> **Material to process**:
>>>

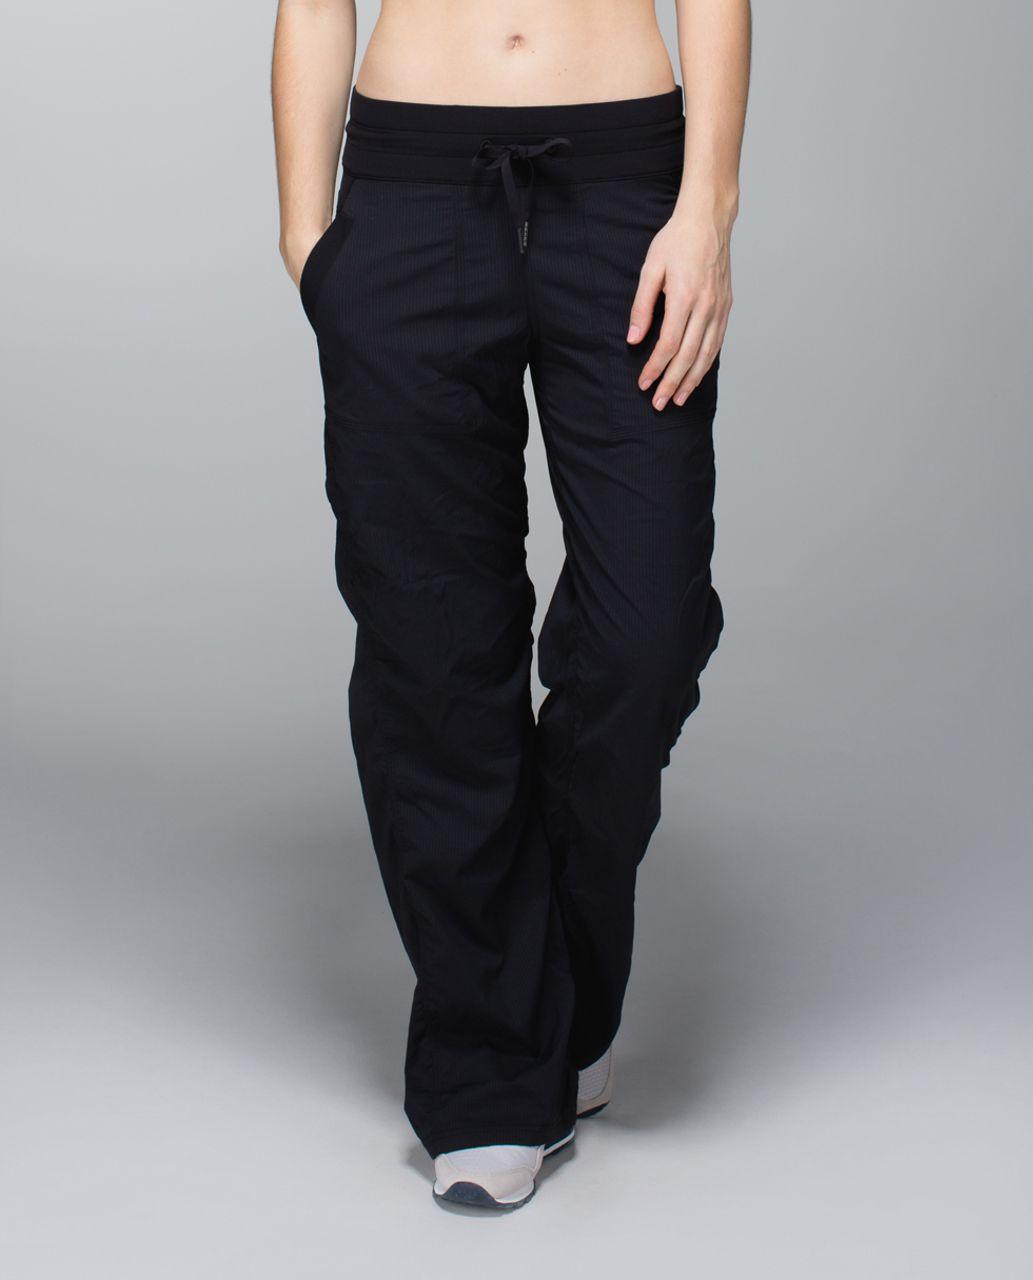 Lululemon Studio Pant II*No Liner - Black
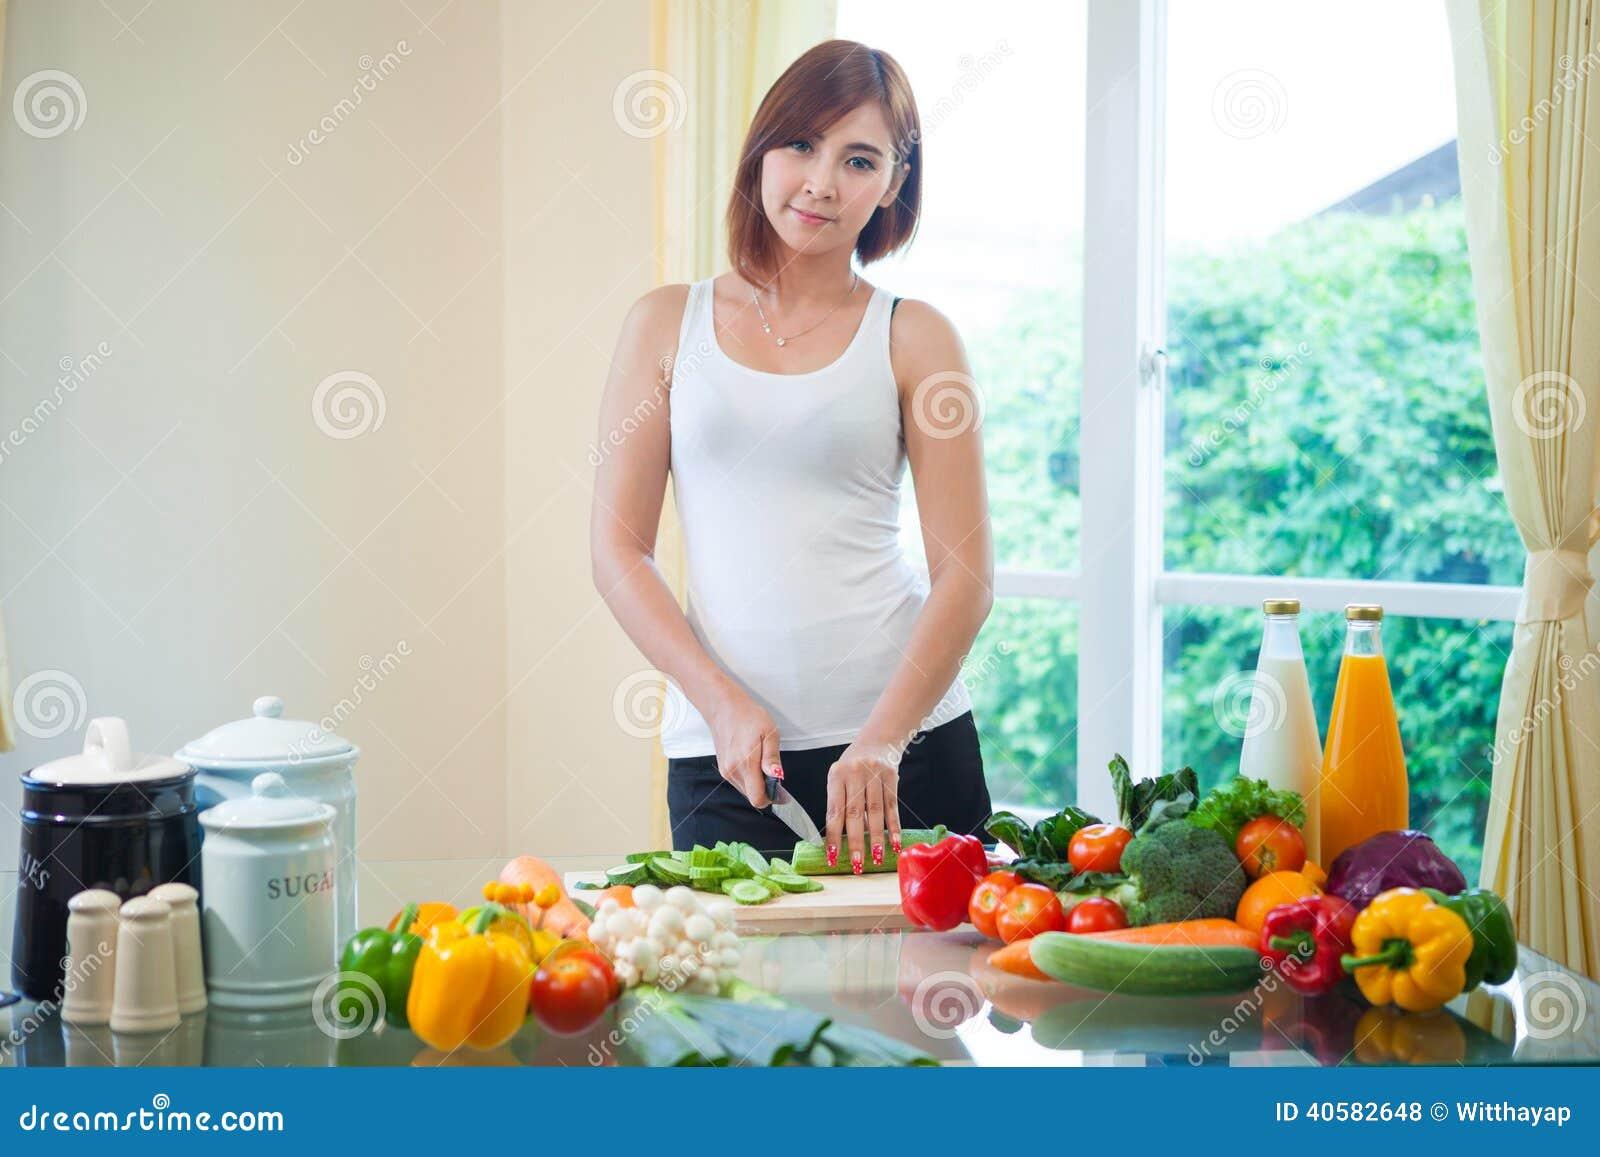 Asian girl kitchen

<<<
>>>

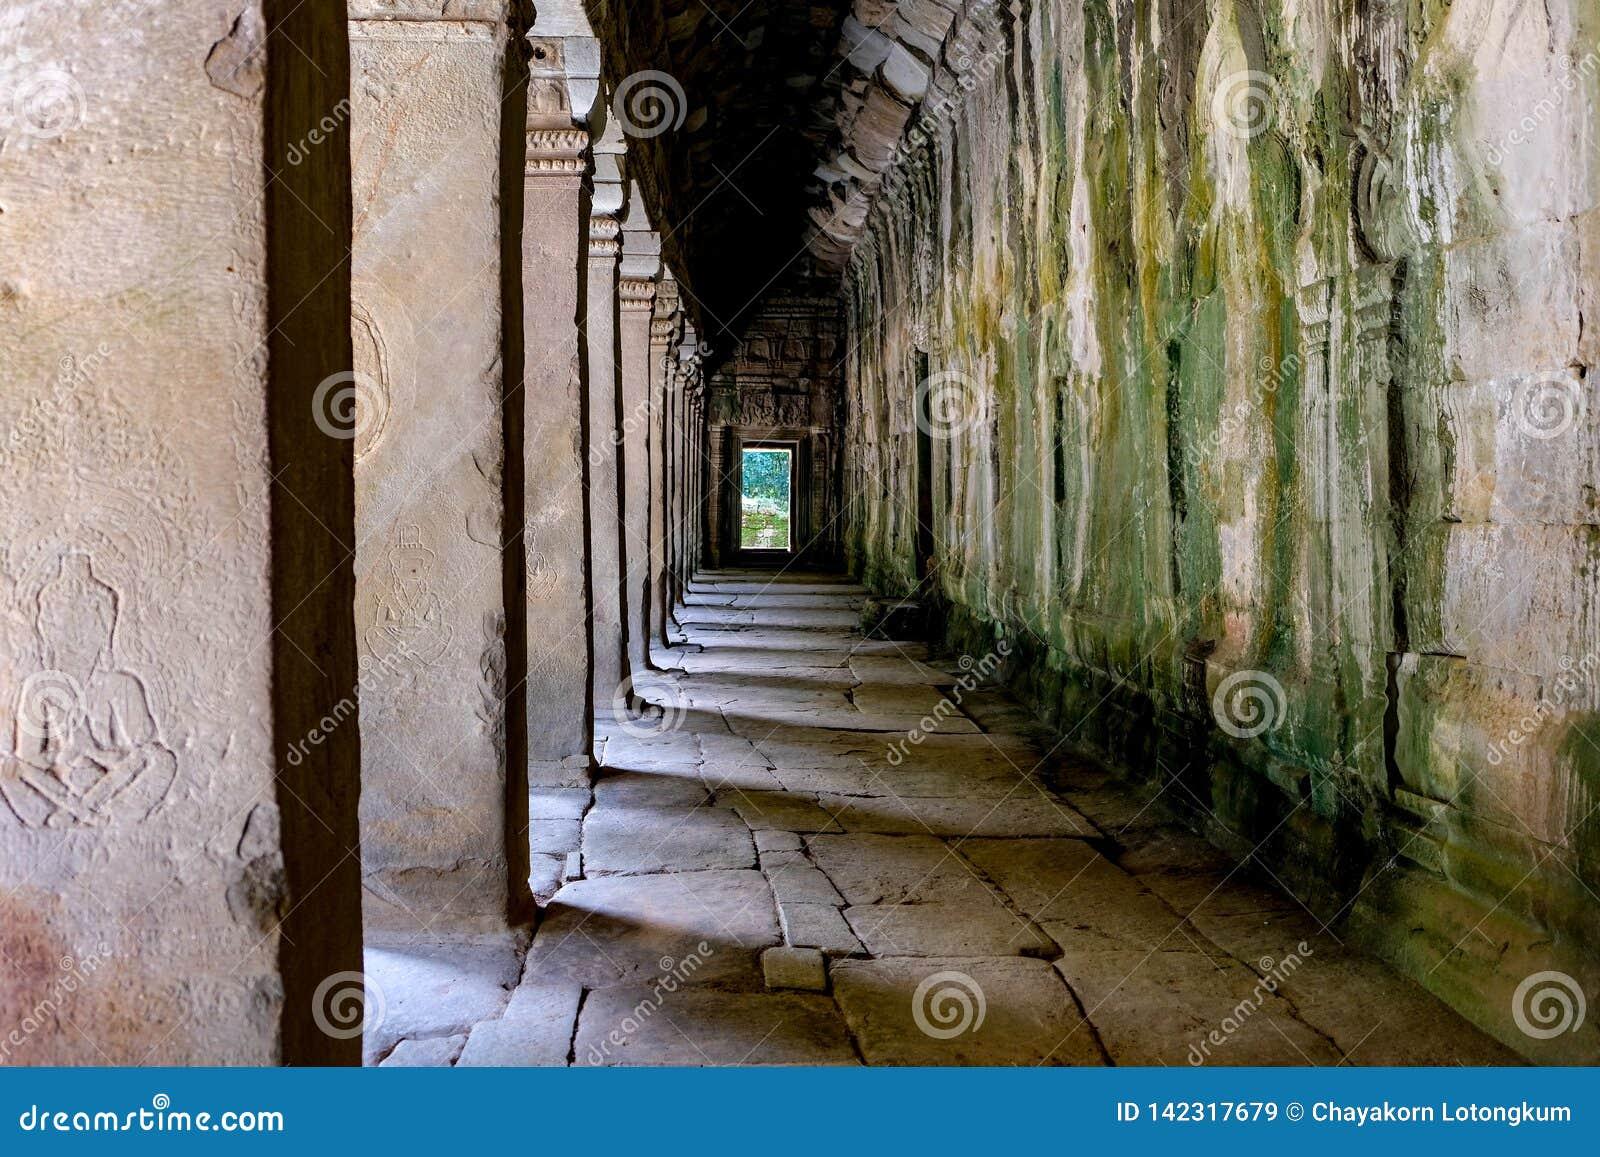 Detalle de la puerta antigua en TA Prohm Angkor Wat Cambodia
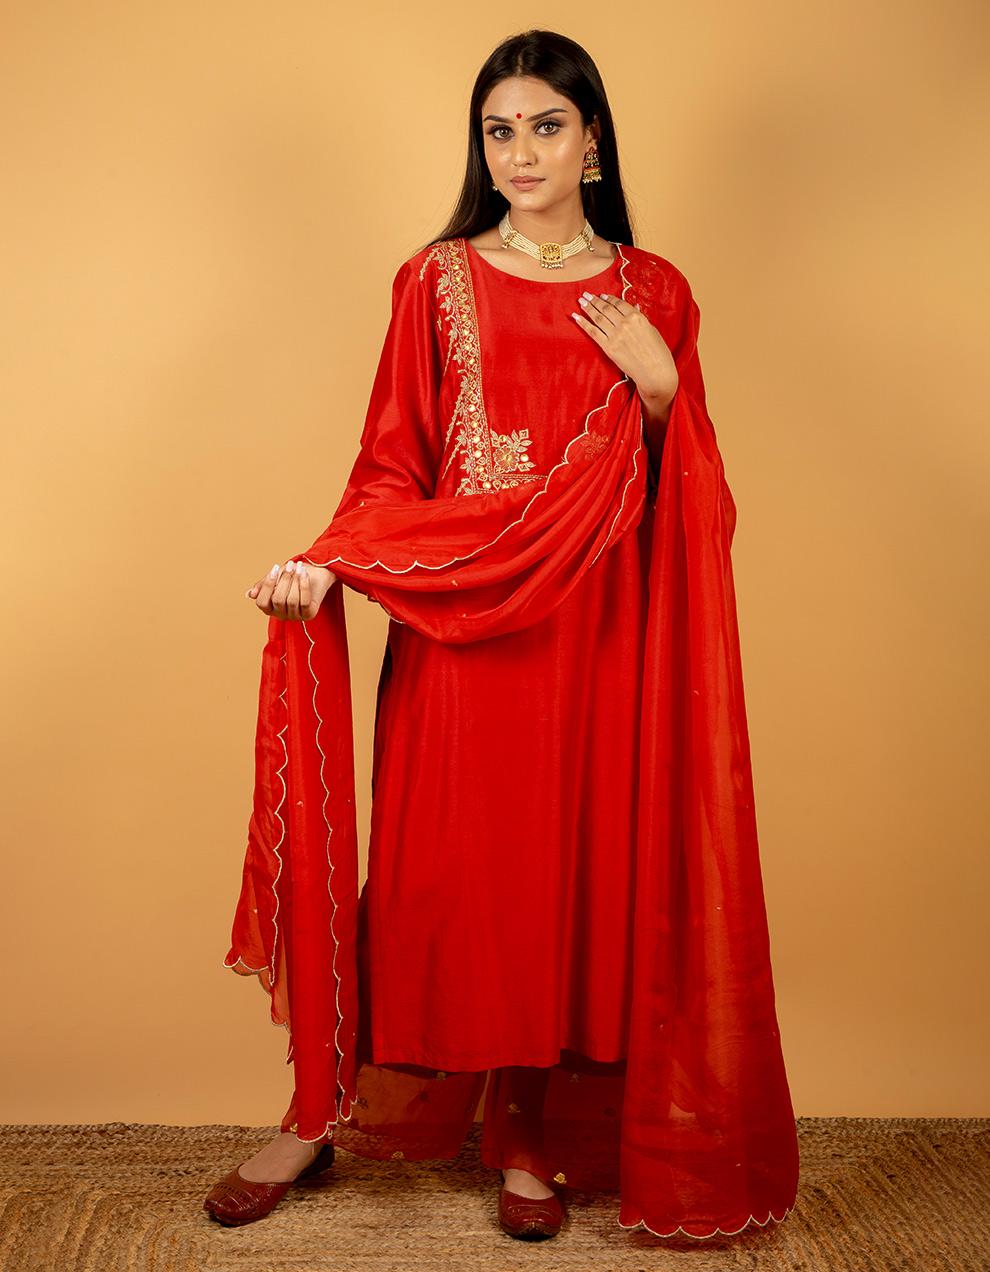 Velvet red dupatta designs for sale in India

<<<

> **Your task**:
What you return must match, character for character, the lines above from the one with "Lululemon Studio Pant II*No Liner - Black" through the one with "Asian girl kitchen", minus any pictures.

> **Written solution**:
 Lululemon Studio Pant II*No Liner - Black
 Asian girl kitchen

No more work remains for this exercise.